Should I Change 12-Step Programs?When a person is in addiction rehab or is continuing the process of recovery, there are many different types of treatment he may be involved in. Because addiction recovery is such a delicate time, recovering addicts often become involved in individual therapy, psychoeducational groups, and 12-step programs. Each of these services is beneficial for their own particular purposes. However, they all strive to help an addict achieve recovery and prevent relapse. 12-step programs are often continued even after rehab has been completed. Sometimes, a member of a 12-step program may feel that they need to leave their program to find a new one. While this may be beneficial in some cases, there are many cautions and negatives to consider before making such a change. Continuity is an important factor in 12-step programs, and changing groups may interfere with the dynamic.

Reasons to Change 12-Step Programs

One of the most common reasons people consider leaving their 12-step program is because they feel that they are cured of their problem and no longer need the help of their group. Members of these groups are typically aware, though, that addiction recovery is a lifelong process that does not end as soon as a person achieves sobriety. Addiction is a chronic disease that may resurface if it is left untreated. Because of this, those who seek to permanently leave their 12-step program without intention of finding a new program should reconsider this risk.

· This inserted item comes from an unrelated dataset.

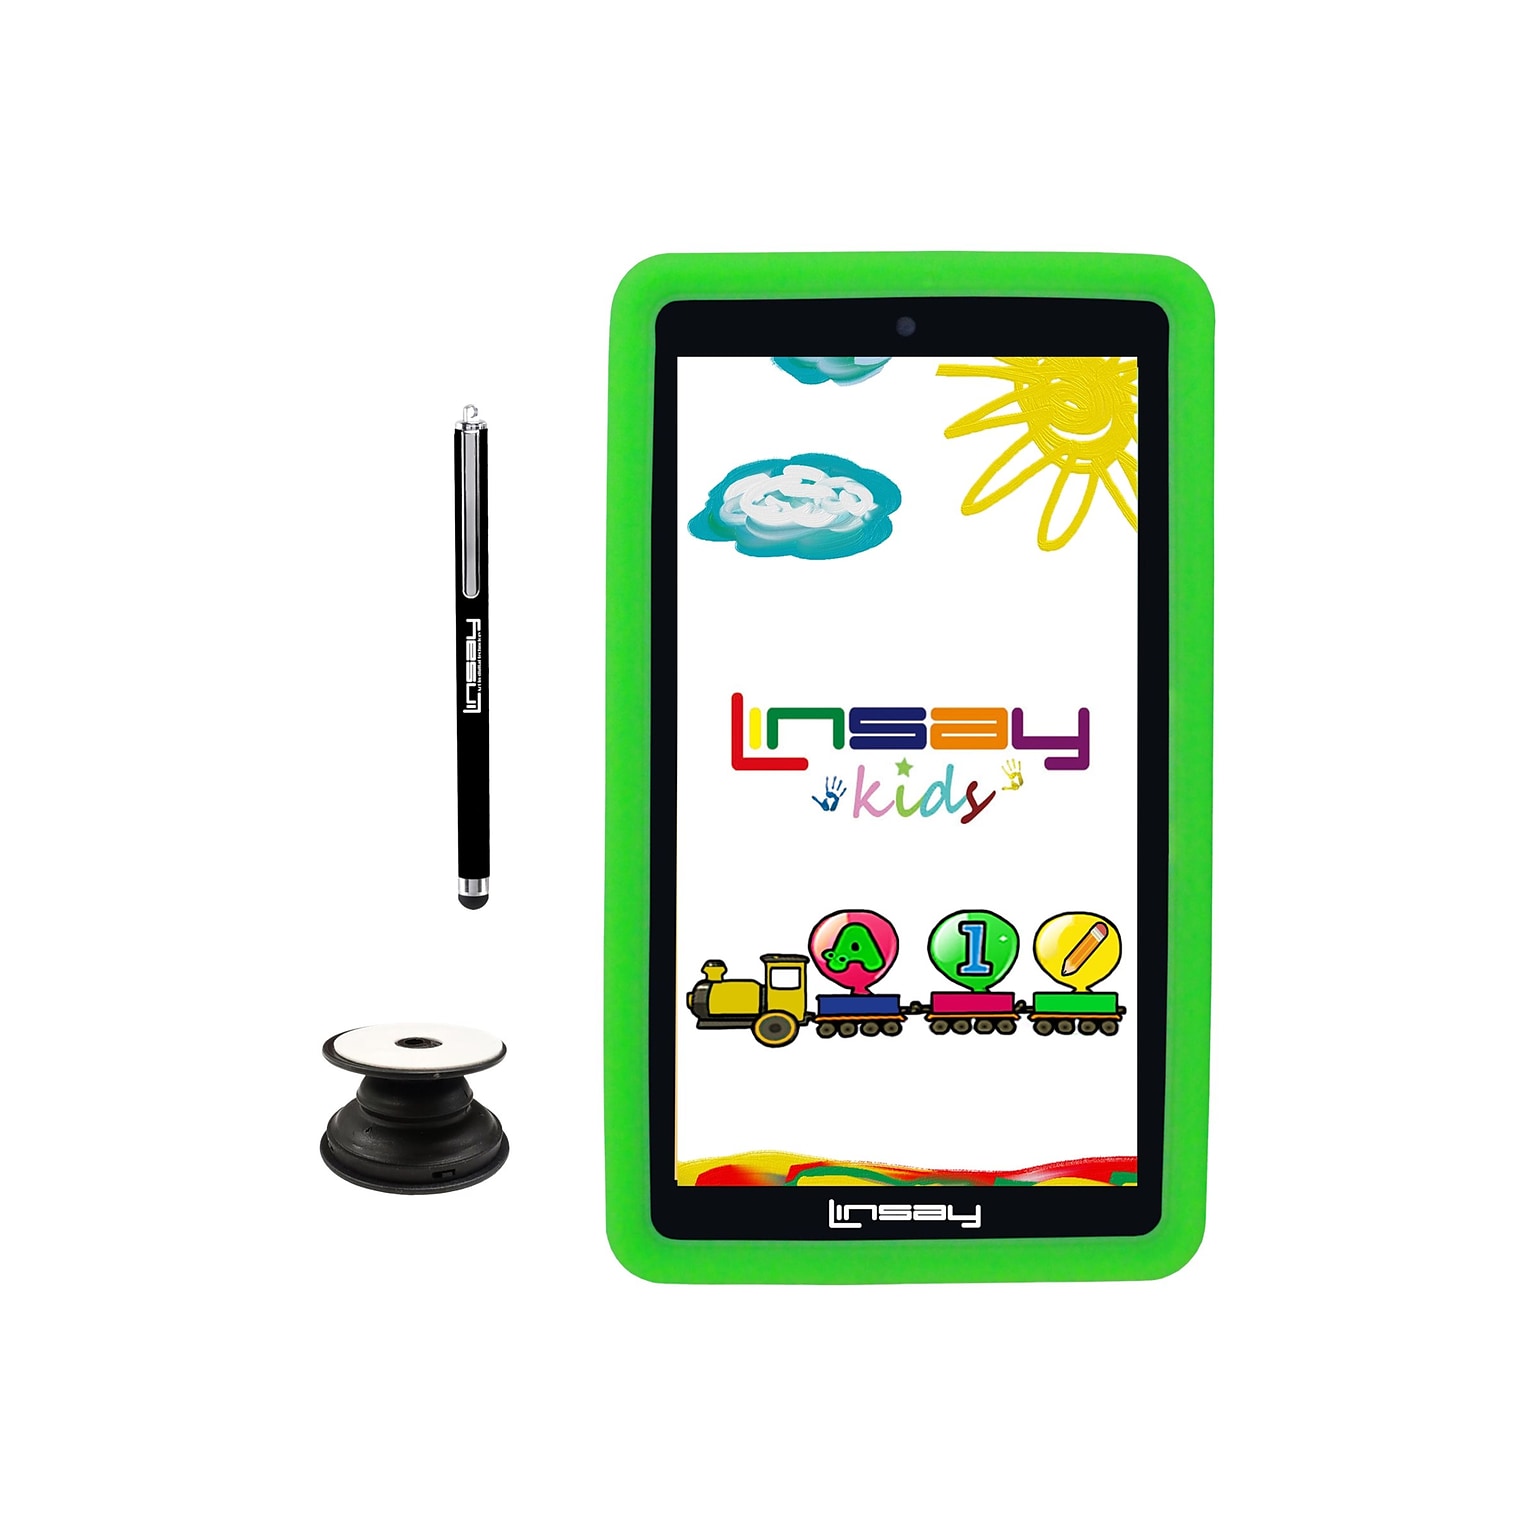 Linsay 7 Tablet with Holder, Pen, and Case, WiFi, 2GB RAM, 64GB Storage, Android 13, Green/Black (F7UHDKIDSGREENP)

Another common reason people change 12-steps programs results from interpersonal conflict within the group. When a group of individuals meets for any reason, there is always a risk of those people not getting along. Before leaving a 12-step group for this reason, that individual should first seek to address and resolve the conflict. This should be done in private in order to show respect for that individual. It is also important for a person to address his concerns with minimal use of blame. Instead of stating what the offender is doing wrong, one should state what they are feeling as a result of a situation that involved the offender. The use of “you” in a blaming sense can cause the other person to become defensive, and the conflict will likely fail to be resolved. If the conflict continues despite sincere attempts to correct it, it may be an appropriate time to search for a new 12-step program.

Recovering addicts may also consider changing 12-step groups if they suffer from multiple addictions. For example, an alcohol and narcotic addict may only be able to attend one 12-step program due to time constraints. If that person has completed the 12-step program for Alcoholics Anonymous (AA), they may consider switching to a Narcotics Anonymous (NA) program. Because there is not enough time to attend both programs regularly, this can be a very considerable change. When doing this, it is important that the addict maintain awareness of his triggers in regards to the 12-step group they are no longer attending.